◆ Data listing

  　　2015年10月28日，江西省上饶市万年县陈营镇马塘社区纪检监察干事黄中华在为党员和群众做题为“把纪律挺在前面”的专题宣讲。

...

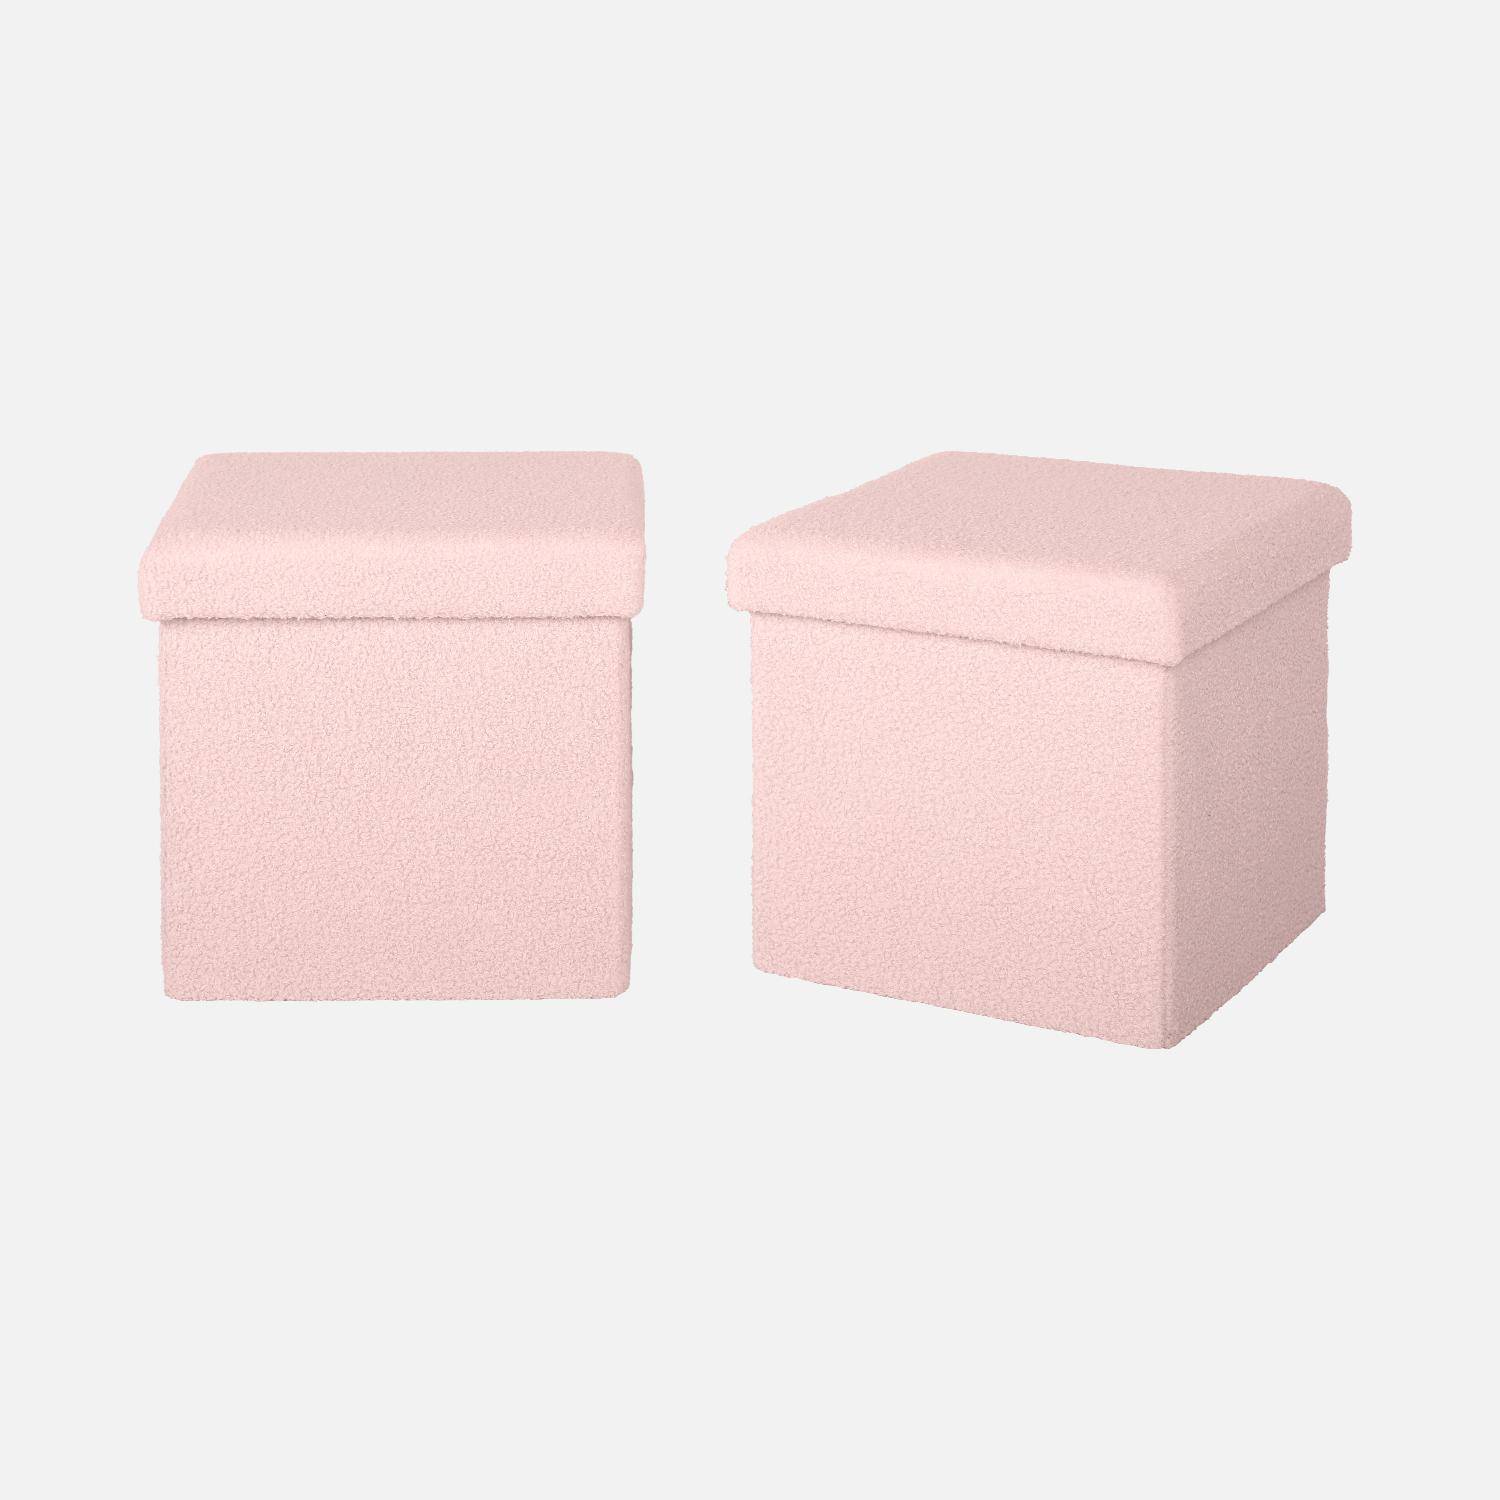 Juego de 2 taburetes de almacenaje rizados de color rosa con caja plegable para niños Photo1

--

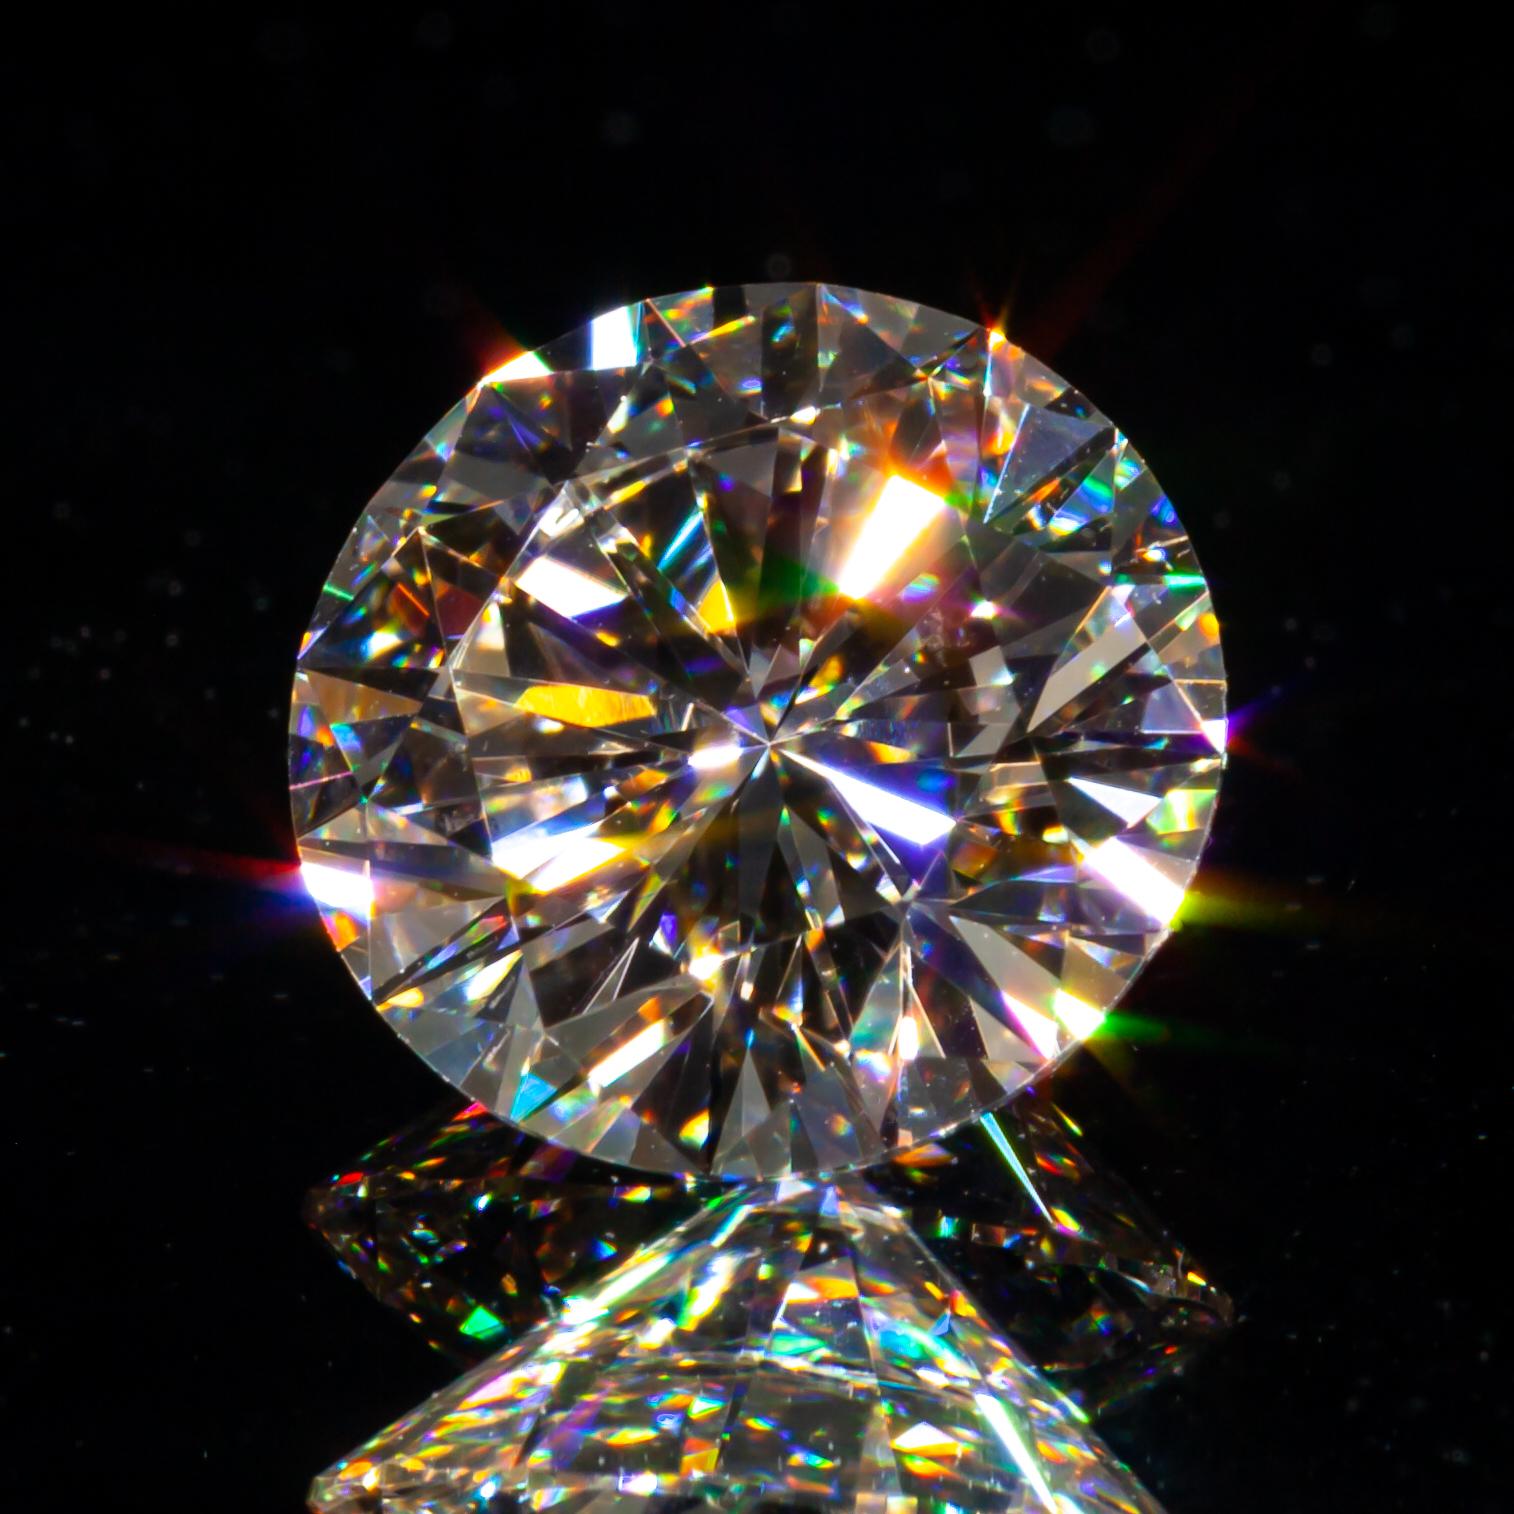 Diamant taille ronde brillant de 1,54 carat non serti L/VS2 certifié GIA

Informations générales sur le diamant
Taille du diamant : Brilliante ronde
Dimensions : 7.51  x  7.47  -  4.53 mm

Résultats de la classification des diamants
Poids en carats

◆ Exercise prompt
The exact lines of the material above starting at the one that contains "Informations générales sur le diamant" and ending at the one that contains "Poids en carats" are what to retype; leave out everything else.

◆ Answer below
Informations générales sur le diamant
Taille du diamant : Brilliante ronde
Dimensions : 7.51  x  7.47  -  4.53 mm

Résultats de la classification des diamants
Poids en carats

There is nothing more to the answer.